Overall, surgeons reported highest levels of task concentration, stress and physical demands when compared to the other specialists.
"A physician's work can be assessed by the time required to complete it and by the intensity of the effort, which is central to properly valuing the services being provided," said lead investigator Ronnie Horner, Ph.D.
Results of this study suggest that there may be a need for employee wellness programs for stress management in a variety of healthcare settings.
Tuesday, 06 September 2011 16:00While some efforts have been made to reduce workplace stress for medical residents, such as decreases in the duration of shifts, training to be a doctor still appears to be a tough job.
Mayo Clinic researchers recently found in a study of 16,394 medical residents that 51 percent of them reported burnout, and about 46 percent said they experience emotional exhaustion as a result of their work. Moreover, some 29 percent of respondents reported feeling depersonalized or cynical, and nearly 15 percent said their quality of life was "as bad as it could be."

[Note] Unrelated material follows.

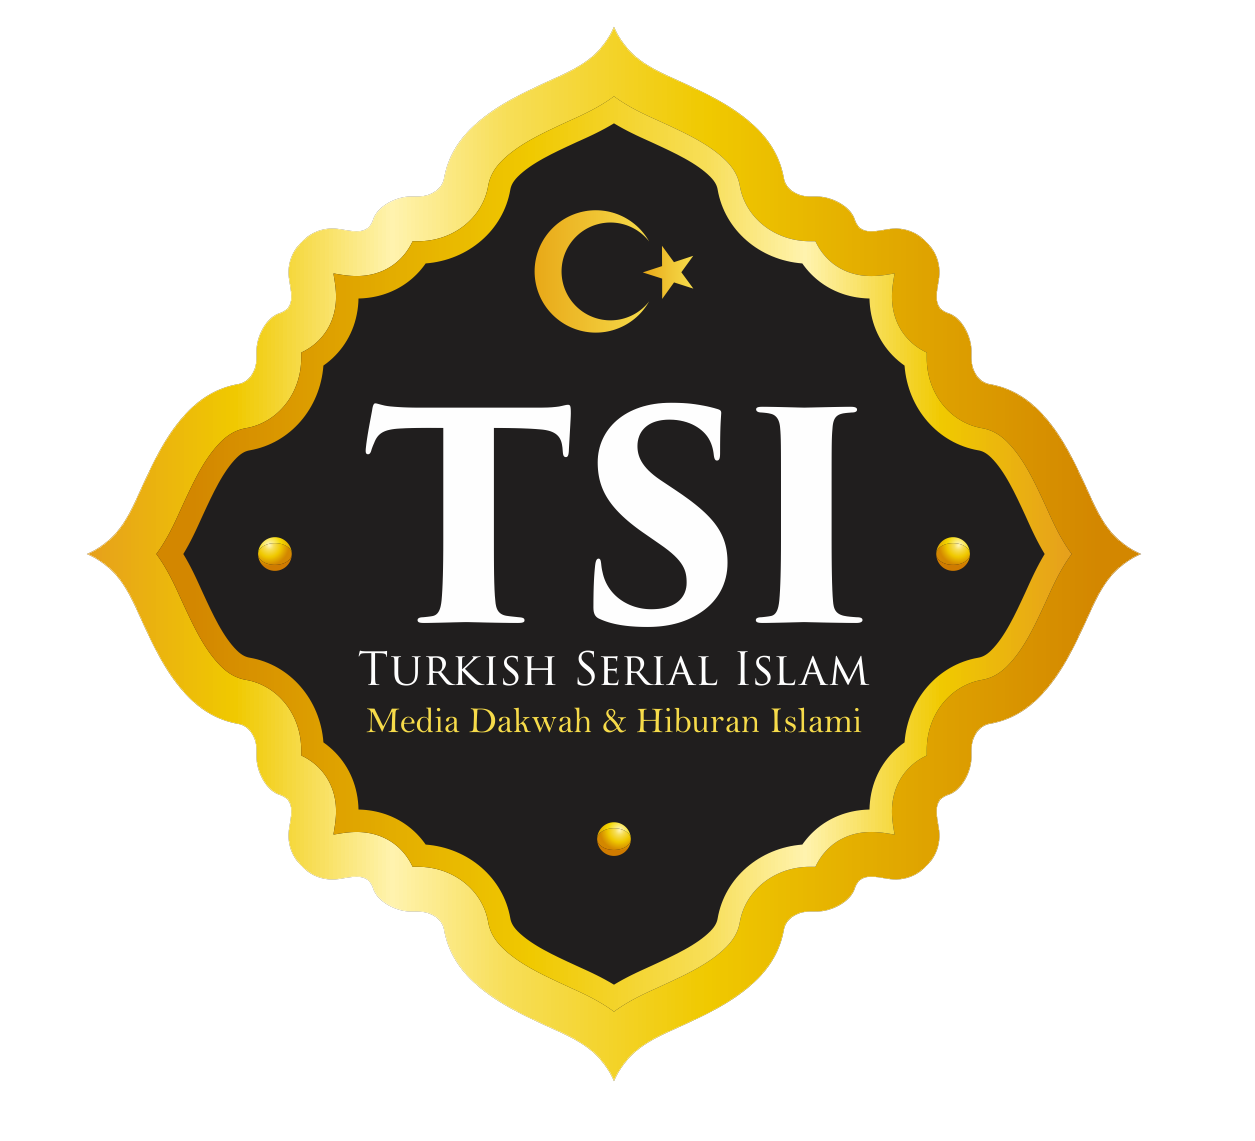 VIP – TURKISH SERIAL ISLAM

The team of scientists noted that residents with student loan debt tended to have a lower quality of life than their debt-free counterparts. This was especially true for those who owed more than $200,000. Study authors noted that the average debt for medical students is $160,000.
"We hope that now that we have established national numbers for these distress variables, we can perhaps focus less effort on documenting the problem and turn greater attention to how best to improve the situation," said lead author Colin West, M.D., Ph.D.
Results of this study suggest that healthcare facilities may benefit significantly from employee wellness programs that provide tools and resources for stress management.